Assess properties of linear-elastic composites by Finite Element Analysis (FEA). Model structures of laminates are created and analysed with the pyLabFEA package, see the online documentation and the tutorial Introduction for detailed information on the functionality of the package. This tutorial uses the matplotlib (https://matplotlib.org/) library for the visualization of results, and NumPy (http://www.numpy.org) for mathematical operations with arrays.
Author: Alexander Hartmaier, ICAMS / Ruhr-Universität Bochum, Germany
March 2020
This work is licensed under a Creative Commons Attribution-NonCommercial-ShareAlike 4.0 International License (CC-BY-NC-SA)
The pyLabFEA package comes with ABSOLUTELY NO WARRANTY. This is free software, and you are welcome to redistribute it under the conditions of the GNU General Public License (GPLv3)
In a first step, the class Model
is invoked to generate a container for the Finite Element Model.
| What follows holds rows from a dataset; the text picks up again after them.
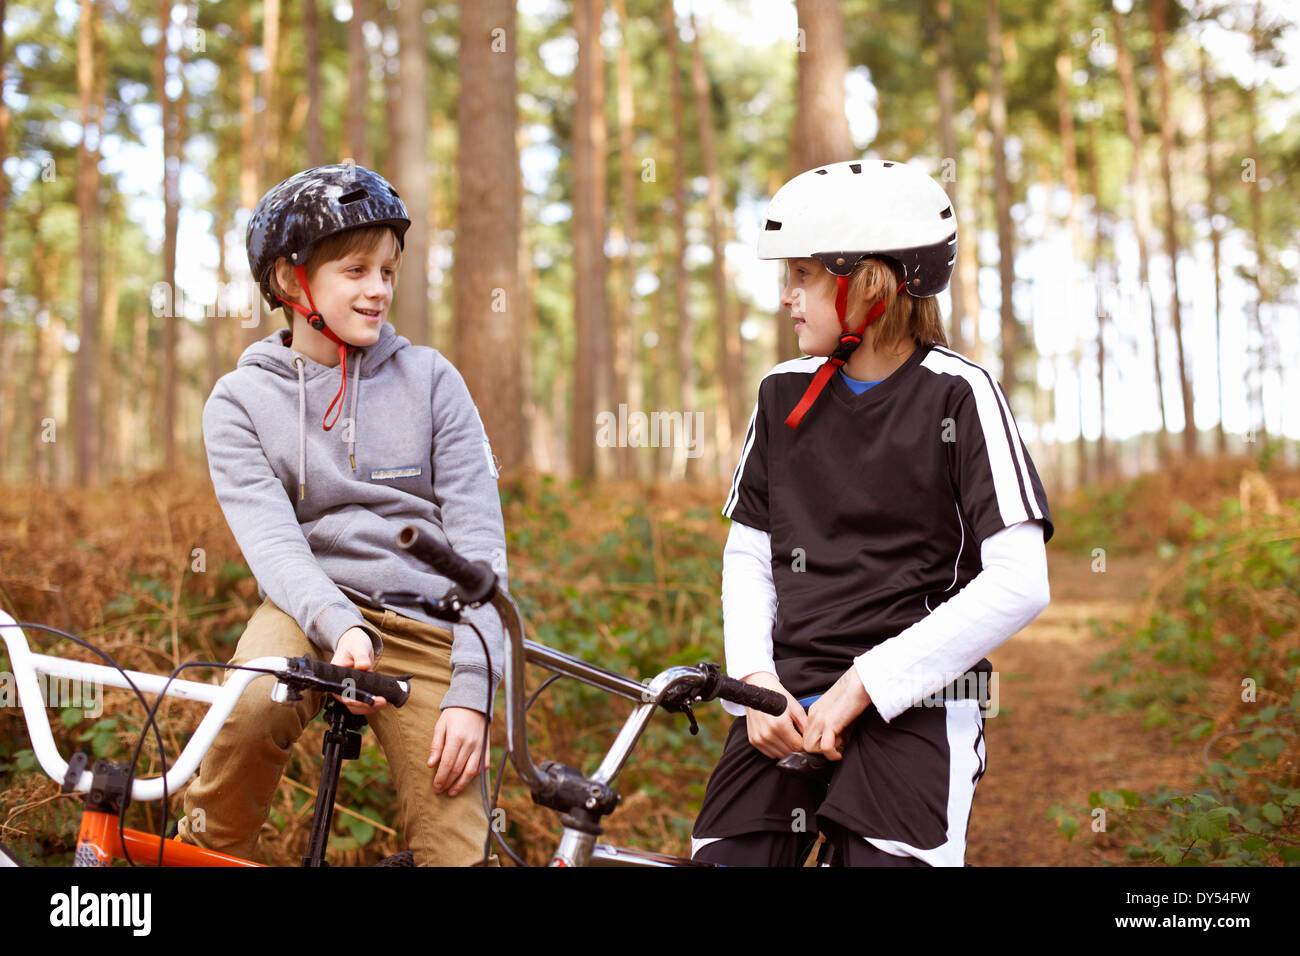 Les frères jumeaux sur vélos BMX chatting in forest Banque D'Images
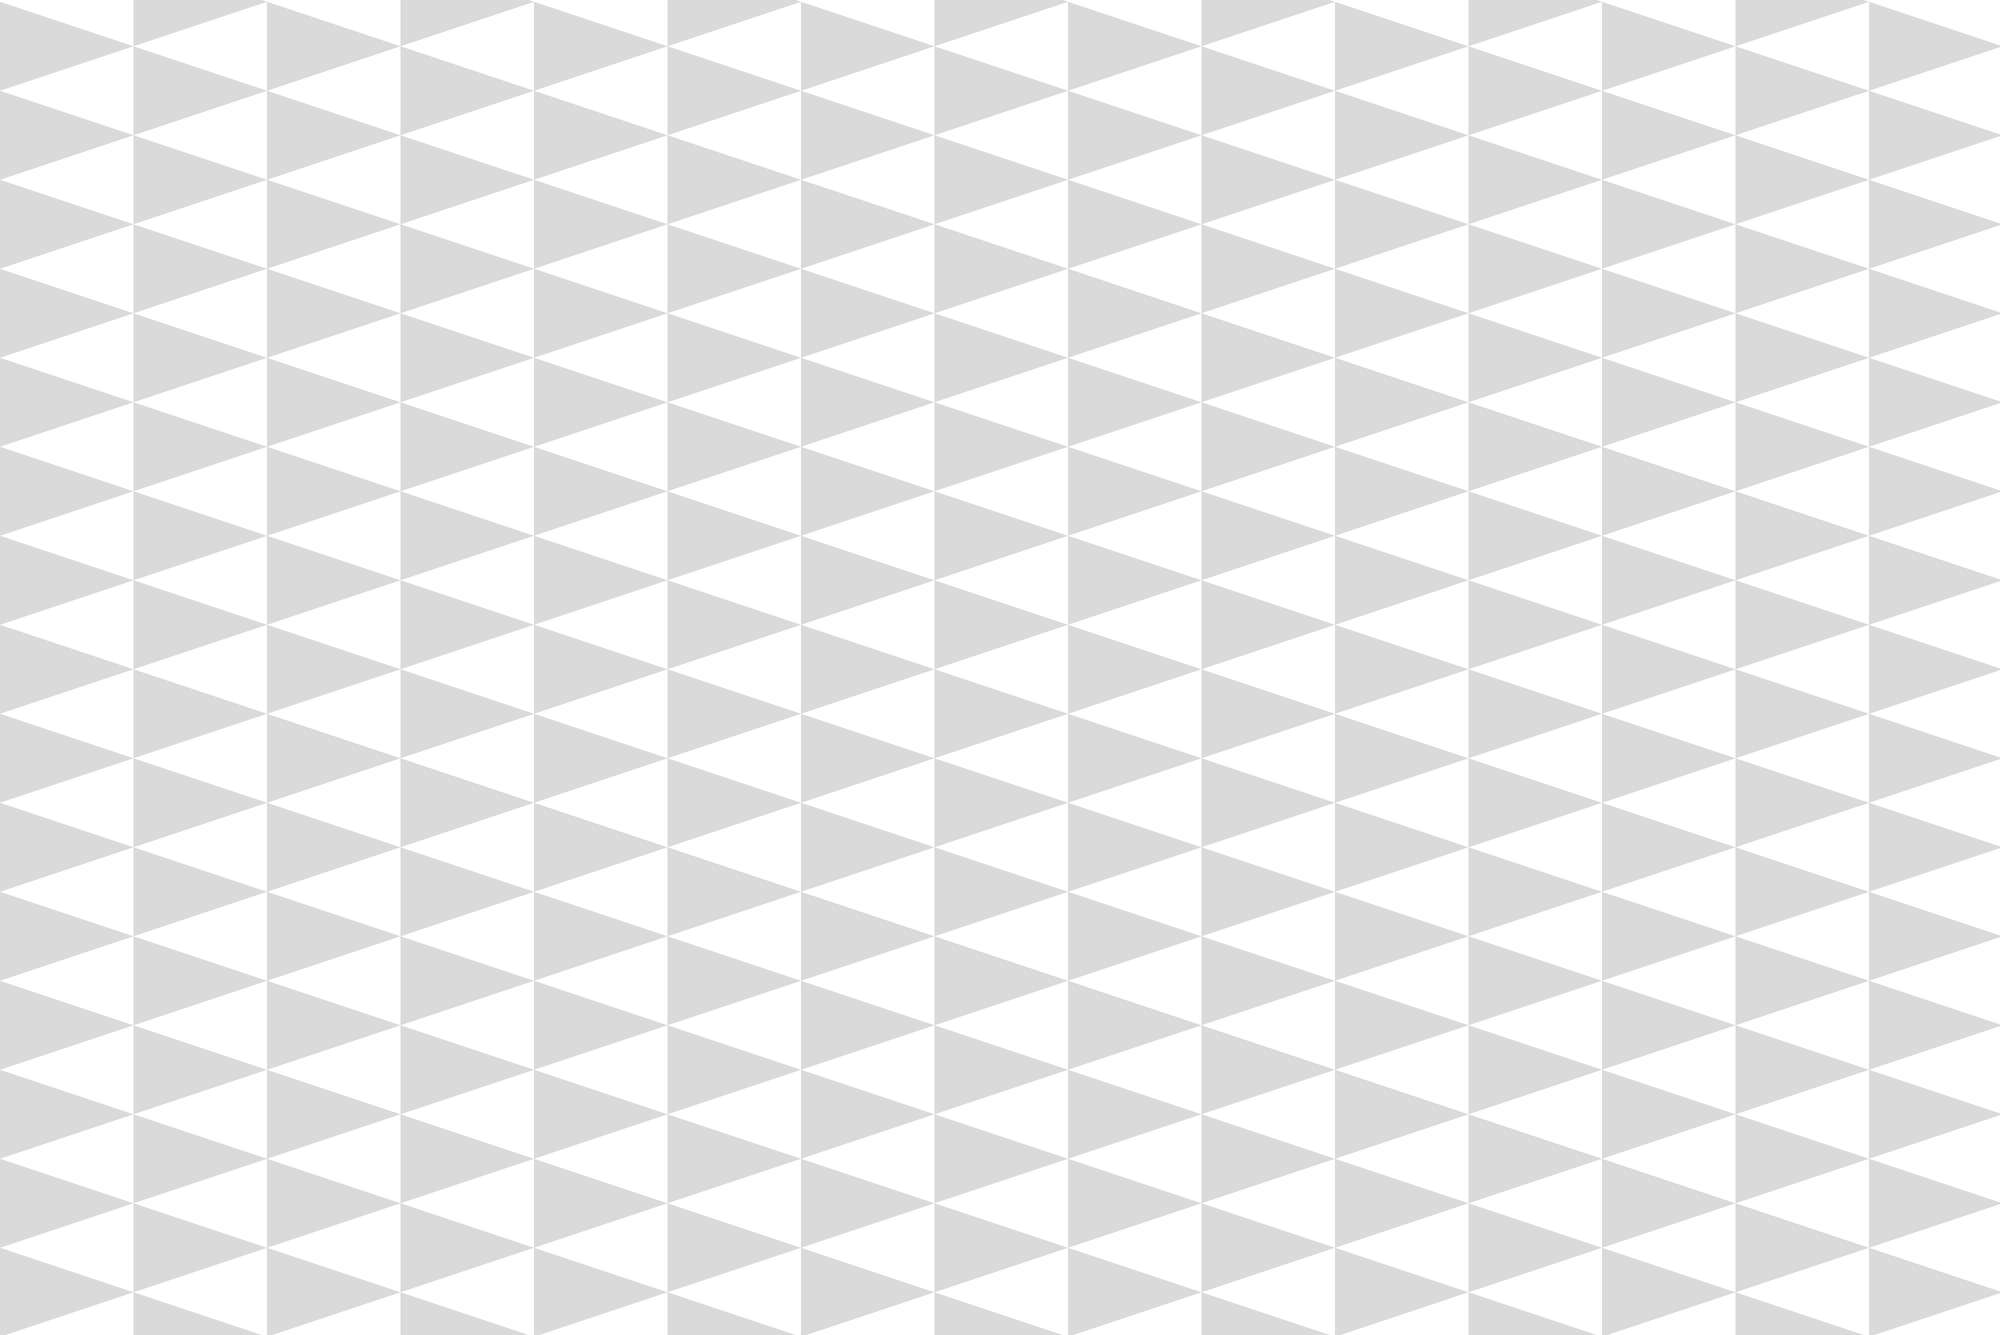             Designbehang kleine driehoekjes grijs op eersteklas gladde fleece
        
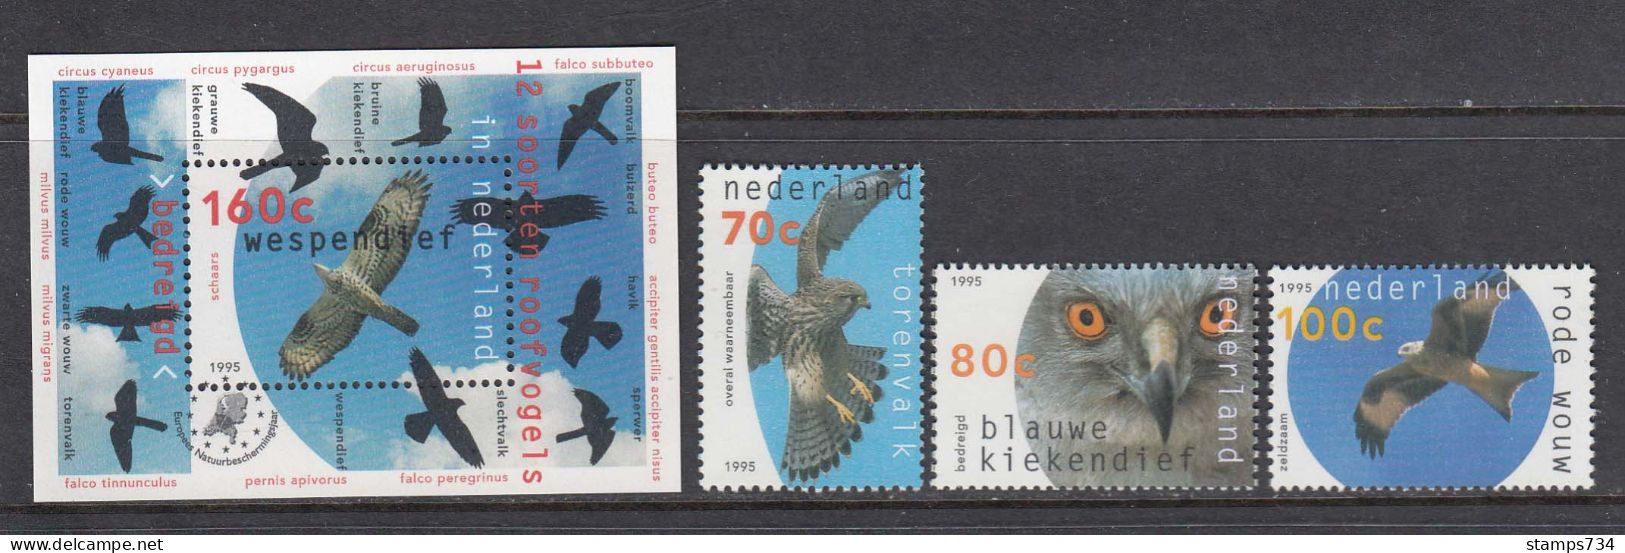 Niederlande 1995 - Preybirds, 3 W. + Block, MNH** - Eagles & Birds Of Prey
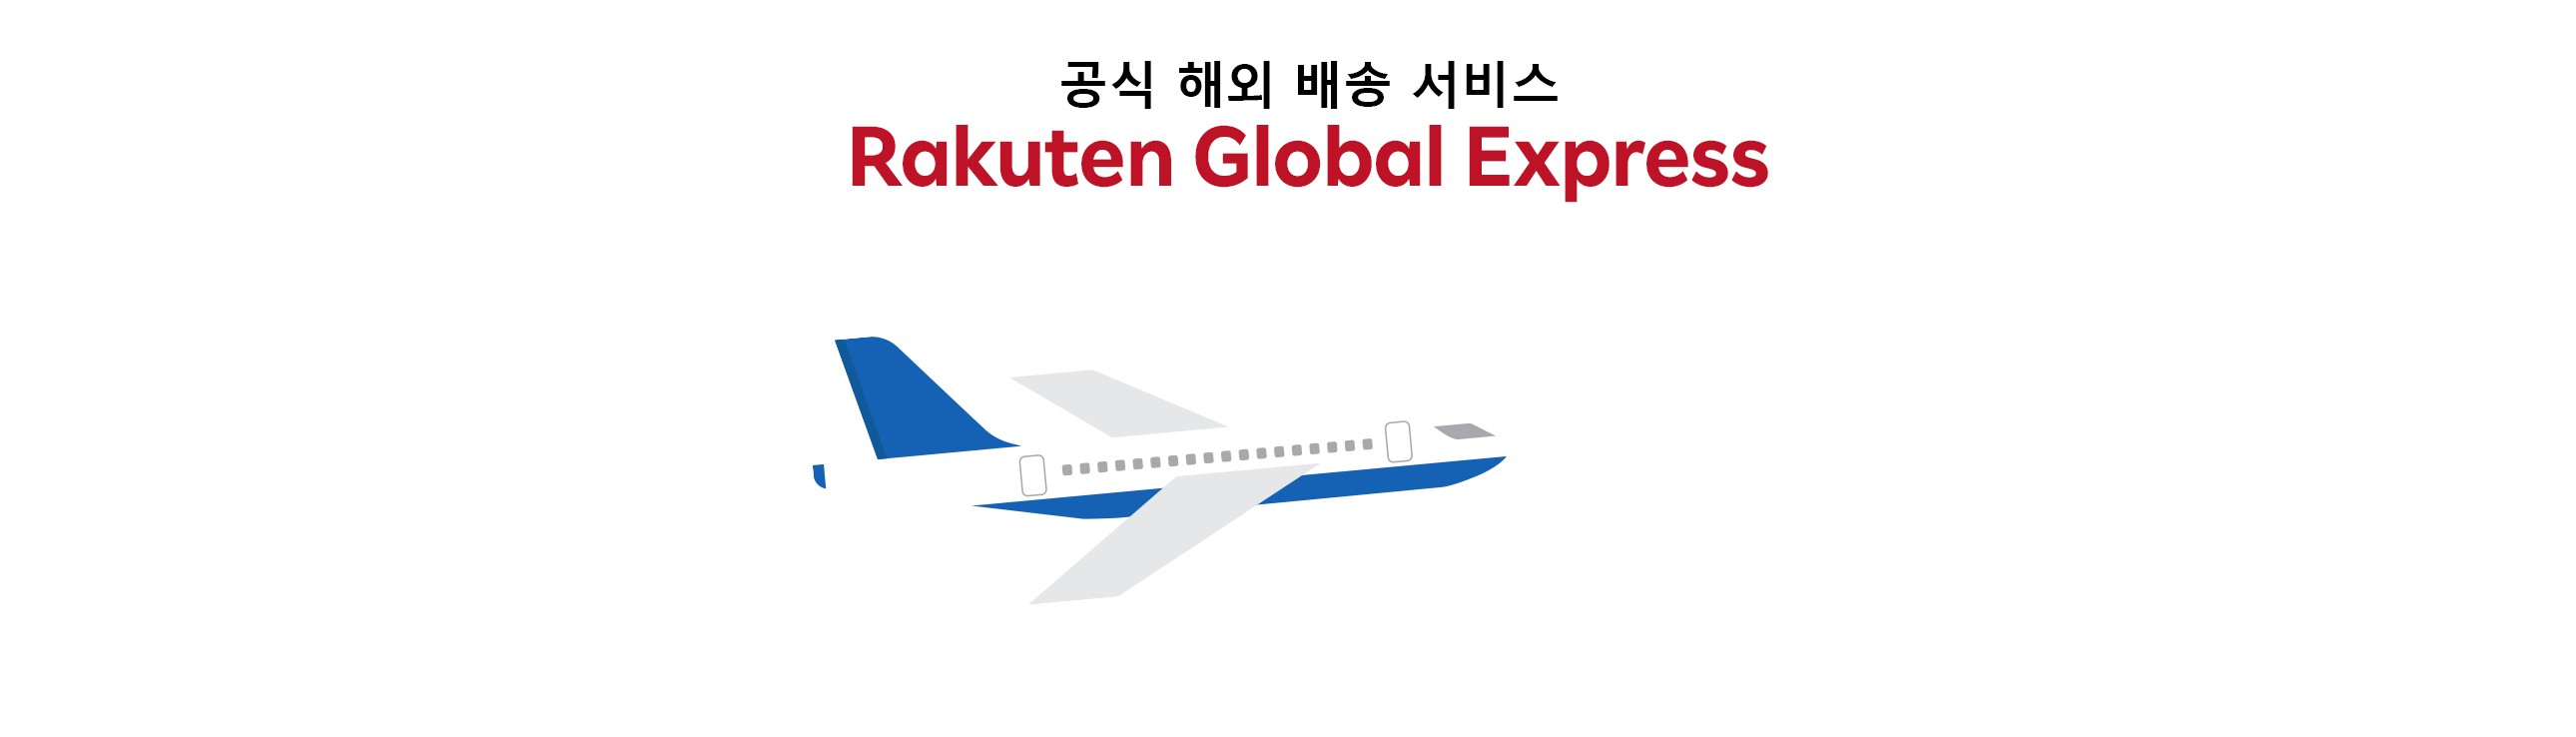 공식 해외배송 서비스 Rakuten 글로벌 익스프레스 다양한 상점들의 상품을 모아서 보내 배송료를 저렴하게!

This container stores all attributes and defines methods to be applied. On this model, the following steps are performed: (i) geometry definition, (ii) material definition, (iii) applying boundary conditions, (iv) meshing, (v) solving of linear equations, and (vi) calculation of global stresses and strains to obtain the effective stiffness of the laminate structure.
Define a laminate composite geometry for the model with the method geom
. The method takes a list with the sizes of the sections of the laminate as input. Later material properties are assigned to each section.
Linear elastic material properties are defined here in terms of Young's modulus $E$ and Poisson ratio $\nu$, by using the class Material
. The resulting material definitions are assigned to the sections of the geometry with the assign
method of the finite element model.
For the 2-d model, different boundary conditions are defined, resulting in longitudinal or transversal loading conditions with respect to the laminate structure. The first case applies a uniaxial stress parallel to the laminate sections, resulting in an iso-strain condition according to the Voigt model. For transversal loading, either uniaxial strain or uniaxial stress perpendicular to the laminate structure is applied. These boundary conditions approximate the iso-stress assumption of the Reuss model to various degrees of fulfillment.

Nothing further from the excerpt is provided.